Family Dollar Stores Inc., facing a threat from billionaire activist Carl Icahn, adopted a shareholder-rights plan that will limit investors from acquiring more than 10 percent of the company.

All but one of Family Dollar’s directors voted for the plan, which will last one year, according to a statement Monday. Edward Garden, who was added to the board as part of an agreement with Trian Fund Management LP in 2011, voted against it.

Family Dollar is adding the so-called poison pill after Icahn disclosed he’d amassed a 9.4 percent stake and would seek talks with management — a move that sent the company’s shares up 13 percent. Icahn bought the shares because he plans to push for a merger with Dollar General Corp., according to a person with knowledge of the investor’s thinking. He estimates that such a deal could generate savings of $500 million to $600 million, the person said.

“Carl Icahn is not someone who’s taken lightly,” Anthony Chukumba, a New York-based analyst at BB&T Corp. who has a hold rating on the stock, said last week. “He has a track record.”

Family Dollar shares climbed to $68.62 Monday, their biggest gain in more than three years. The stock had slid 6.8 percent this year.

Family Dollar, a chain of budget stores based in North Carolina, has been struggling to compete with rival discounters, drugstores and big-box retailers such as Target Corp. and Wal-Mart Stores Inc.

To combat slumping sales, the company embarked on a review of its business this year.
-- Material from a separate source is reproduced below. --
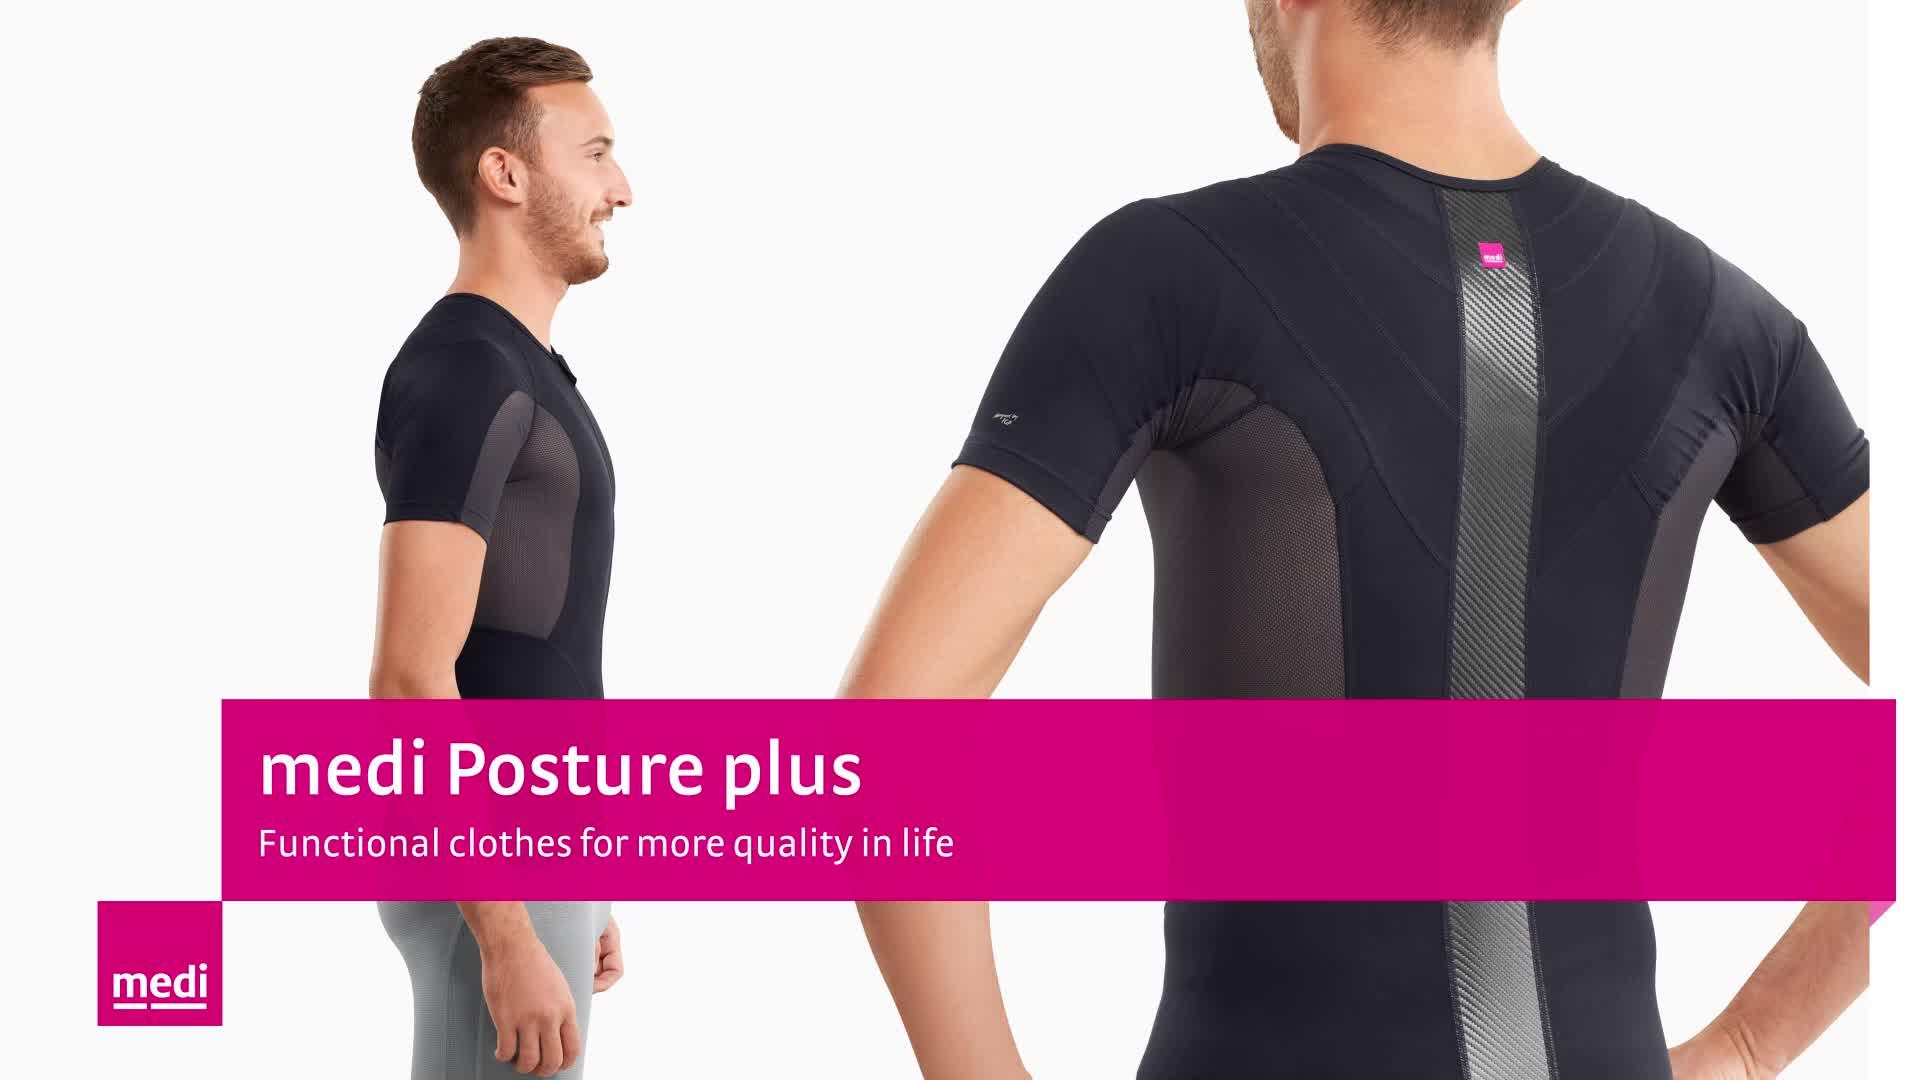 Medi Posture plus: TIENDA ONLINE de Ortopedia La Fama }}

As part of its turnaround plan, Family Dollar is closing about 370 underperforming stores and opening fewer new ones. It’s also lowering prices in a bid to entice shoppers.

Trian, a firm run by billionaire Nelson Peltz, made a takeover offer in 2011, hoping to attract other suitors. Family Dollar CEO Howard Levine was reluctant to sell the company his father founded, and no other bidders emerged. The investor ultimately withdrew its offer as part of an agreement that added Garden to the board.